Now, the Accidental Writer has been officially resurrected. As they say, the proof of the pudding is in the eating. This is the second post in 10 days, which is more than I can claim to have done in the last two years. I am crossing my fingers and hoping this trend continues. And that one day, my readers come back to this blog knowing that it offers them something worth their while. Until then, I will continue to write. Because that’s what I know to do best!
Discovering a new city
Born and raised in Chennai as I am, I have always looked down a bit on other cities, especially what we may call Tier 2 cities within the state. The only exceptions to this rule were Mumbai and Delhi by virtue of being the biggest metros in the country. Even Kolkata, while being somewhat bigger than Chennai, still retained the characteristics of a small town and was a city I didn’t really consider on par with my beloved Chennai.
Growing up into adolescence, I often wondered why affluent uncles returning to India from,overseas chose to invest in property in Coimbatore as opposed to Chennai, which would have the obvious, and perhaps only choice for me had I been in their place. In my ignorance, I remember asking my mother if Coimbatore had restaurants and places to see that way Chennai did.
This image of Coimbatore as a small town lingered on in my memory into adulthood despite several short-duration visits to visit assorted relatives. When I met S, I realised that I was going to have to adopt Coimbatore as a hometown sooner or later. So attached was he to the place of his birth and childhood that he harboured (still harbours) dreams of going back to Coimbatore in a few years and settling down there.
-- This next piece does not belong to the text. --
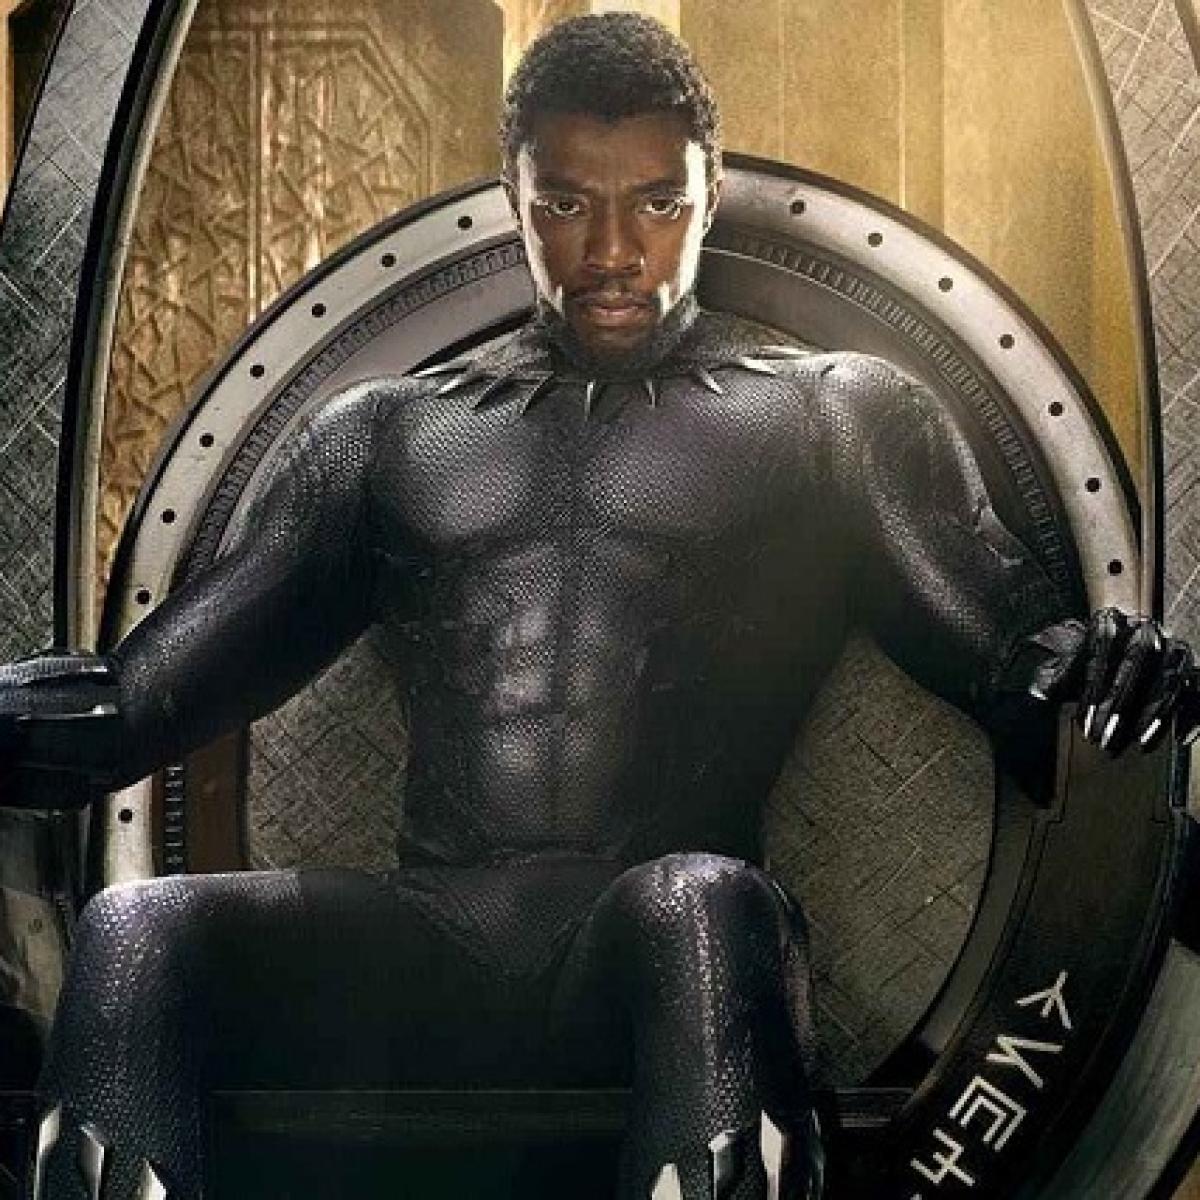 Marvel won't recast Chadwick Boseman's T'Challa in 'Black Panther' sequel

As our courtship matured into marriage, I began to hear more and more about Coimbatore. During our visits, he would drive around the city showing me all these places he associated with his childhood. The schools in which he studied, PSGCAS, the ubiquitous Annapoorna, the parks, the roads and the roadside bhel puri shop became part of my life too. I slowly, but surely warmed to the idea of Coimbatore and began to consider it a second home. Second. To Chennai.
Circumstances forced me to spend 17 days of August in Coimbatore. Although I found it hard to adjust initially, I began to enjoy the feel of living in the city. I rediscovered the joys of living in an independent house, one that I had forgotten since we moved out of my grandparents’ home in 2002. I enjoyed the morning chores and the chirping of birds. I relished the possibility of picking fresh curry leaves from the plant for my rasam, and picking guavas off the tree for a snack.
In these three week, I find that I am no longer averse to the idea of settling down in Coimbatore. What seemed like a punishment when S first mentioned it two years ago now seems a pleasant thought. Is this what discovering a new city feels like?